The Chinese University of Hong Kong, Hong Kong, China.
Wellcome/EPSRC Centre for Interventional and Surgical Sciences (WEISS), University College London, London, UK.
Int J Comput Assist Radiol Surg. 2024 Jun;19(6):1013-1020. doi: 10.1007/s11548-024-03083-5. Epub 2024 Mar 8.
Depth estimation in robotic surgery is vital in 3D reconstruction, surgical navigation and augmented reality visualization. Although the foundation model exhibits outstanding performance in many vision tasks, including depth estimation (e.g., DINOv2), recent works observed its limitations in medical and surgical domain-specific applications. This work presents a low-ranked adaptation (LoRA) of the foundation model for surgical depth estimation.
We design a foundation model-based depth estimation method, referred to as Surgical-DINO, a low-rank adaptation of the DINOv2 for depth estimation in endoscopic surgery. We build LoRA layers and integrate them into DINO to adapt with surgery-specific domain knowledge instead of conventional fine-tuning. During training, we freeze the DINO image encoder, which shows excellent visual representation capacity, and only optimize the LoRA layers and depth decoder to integrate features from the surgical scene.

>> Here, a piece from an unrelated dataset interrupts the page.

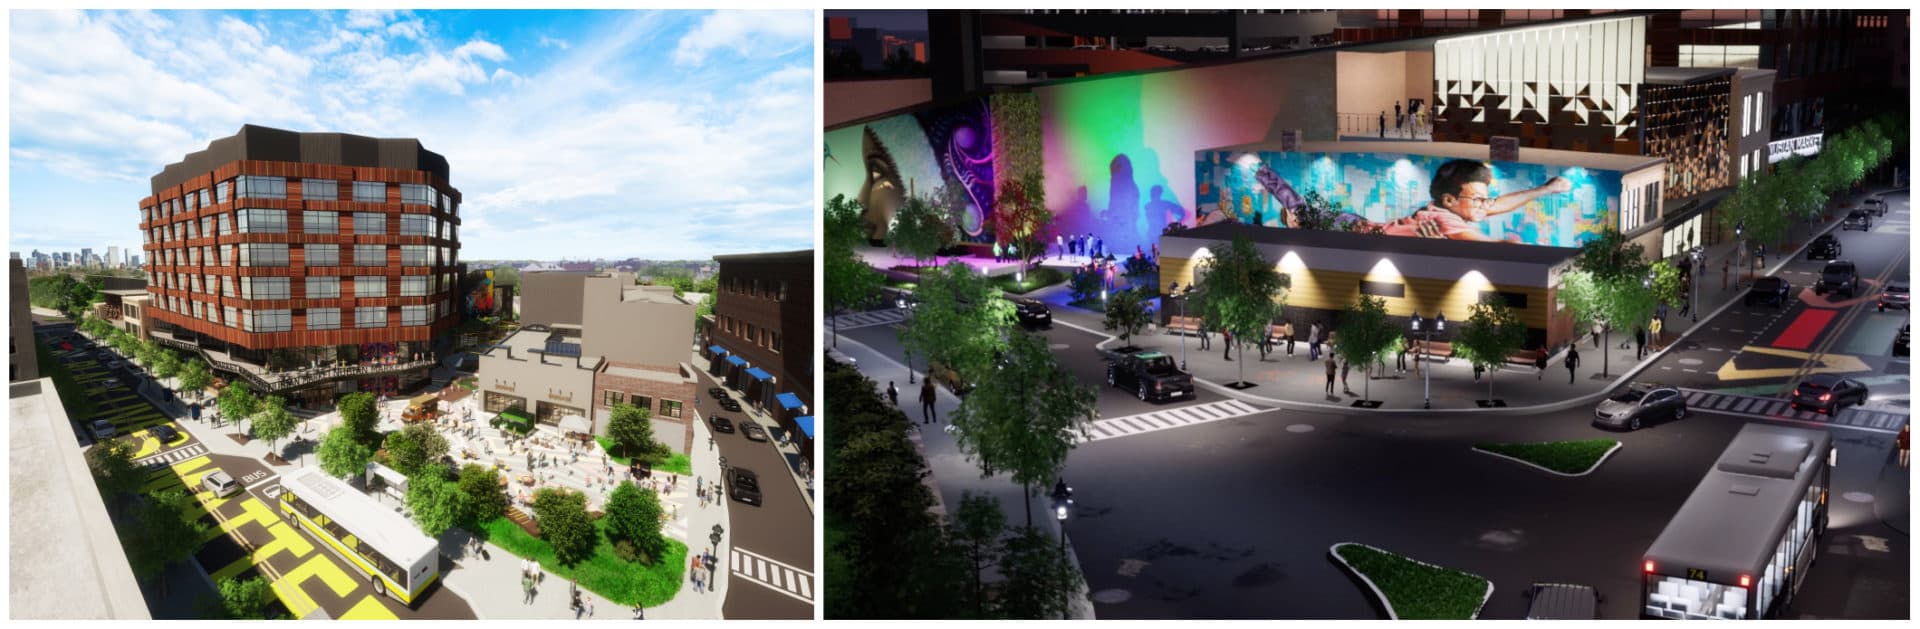 Renderings of Nubian Square Ascends. (Courtesy Nubian Square Ascends)

Our model is extensively validated on a MICCAI challenge dataset of SCARED, which is collected from da Vinci Xi endoscope surgery. We empirically show that Surgical-DINO significantly outperforms all the state-of-the-art models in endoscopic depth estimation tasks. The analysis with ablation studies has shown evidence of the remarkable effect of our LoRA layers and adaptation.

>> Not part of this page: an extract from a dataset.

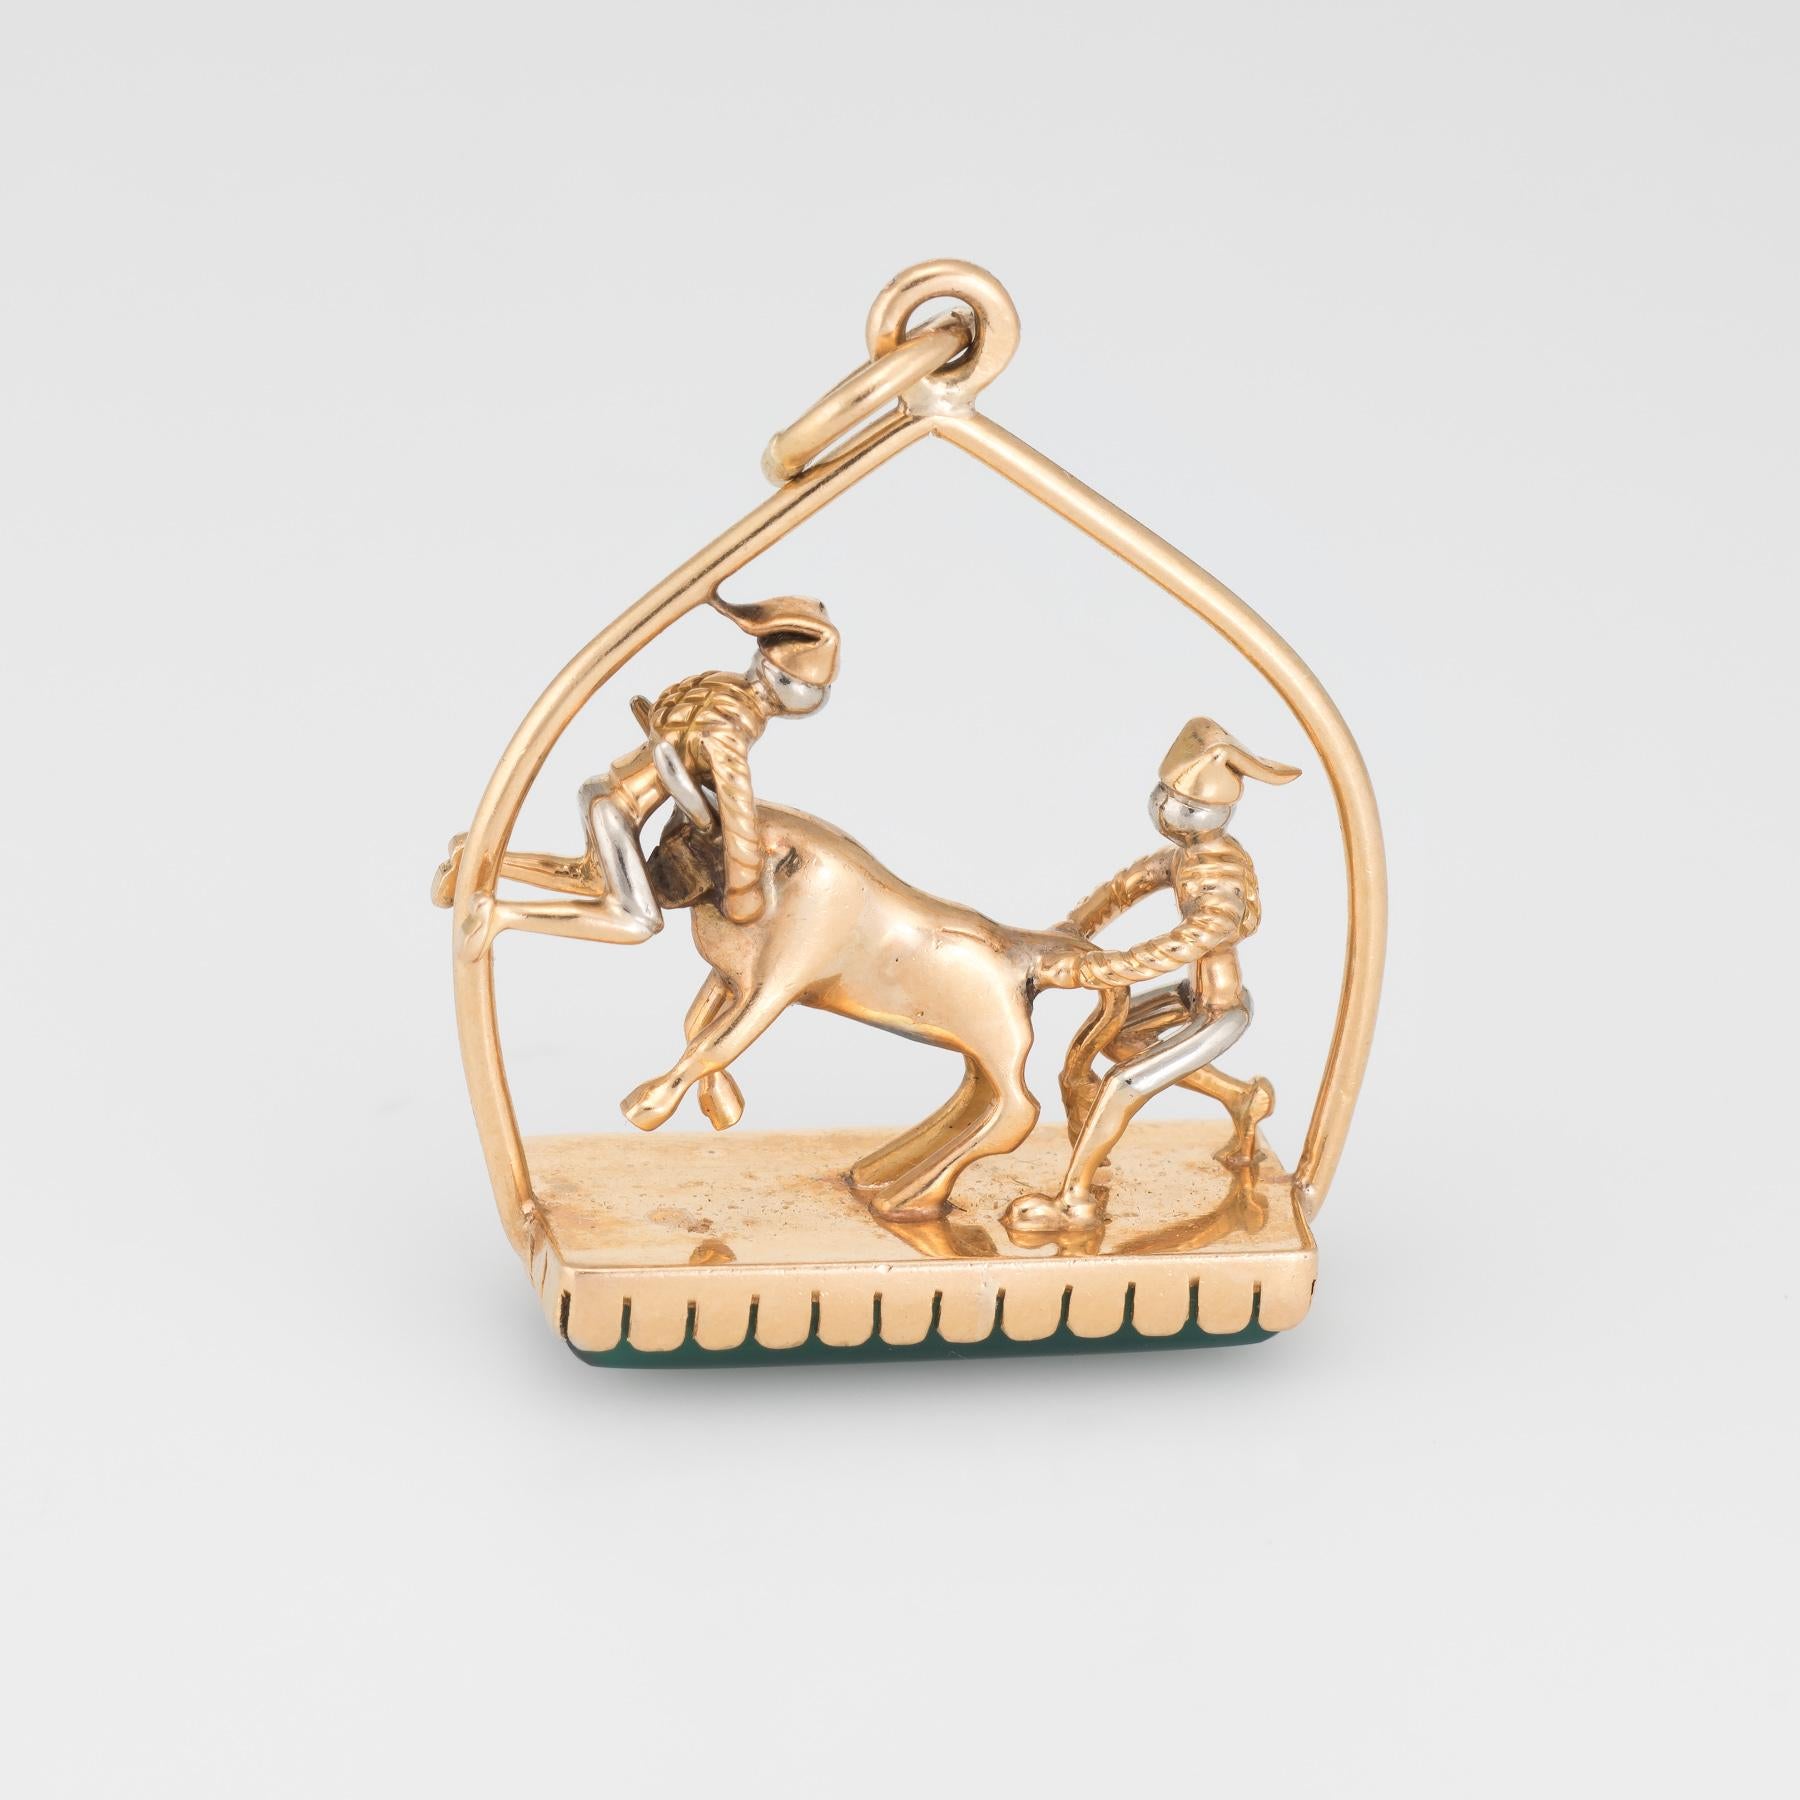 Finely detailed vintage Matador pendant or charm, crafted in 18 karat yellow gold. 

Chrysoprase measures 20mm x 9mm. The chrysoprase is in excellent condition and free of cracks or chips.

The detailed figural features a bull fighting scene with a

Surgical-DINO shed some light on the successful adaptation of the foundation models into the surgical domain for depth estimation. There is clear evidence in the results that zero-shot prediction on pre-trained weights in computer vision datasets or naive fine-tuning is not sufficient to use the foundation model in the surgical domain directly.
机器人手术中的深度估计对于 3D 重建、手术导航和增强现实可视化至关重要。虽然基础模型在许多视觉任务中表现出色,包括深度估计(例如 DINOv2),但最近的研究发现其在医学和外科领域特定应用中的局限性。本研究提出了一种针对外科深度估计的基础模型低秩自适应(LoRA)方法。
我们设计了一种基于基础模型的深度估计方法,称为 Surgical-DINO,这是 DINOv2 的低秩自适应方法,用于内窥镜手术中的深度估计。我们构建了 LoRA 层并将其集成到 DINO 中,以适应手术特定领域的知识,而不是传统的微调。在训练过程中,我们冻结 DINO 图像编码器,该编码器具有出色的视觉表示能力,仅优化 LoRA 层和深度解码器,以整合来自手术场景的特征。
我们的模型在 MICCAI 挑战数据集 SCARED 上进行了广泛验证,该数据集是从达芬奇 Xi 内窥镜手术中收集的。我们的实证研究表明,Surgical-DINO 在内窥镜深度估计任务中显著优于所有最先进的模型。通过消融研究的分析,证明了我们的 LoRA 层和自适应的显著效果。
Surgical-DINO 为基础模型成功适应外科领域的深度估计提供了一些启示。研究结果清楚地表明,在计算机视觉数据集上使用预训练权重进行零样本预测或简单的微调不足以直接将基础模型用于外科领域。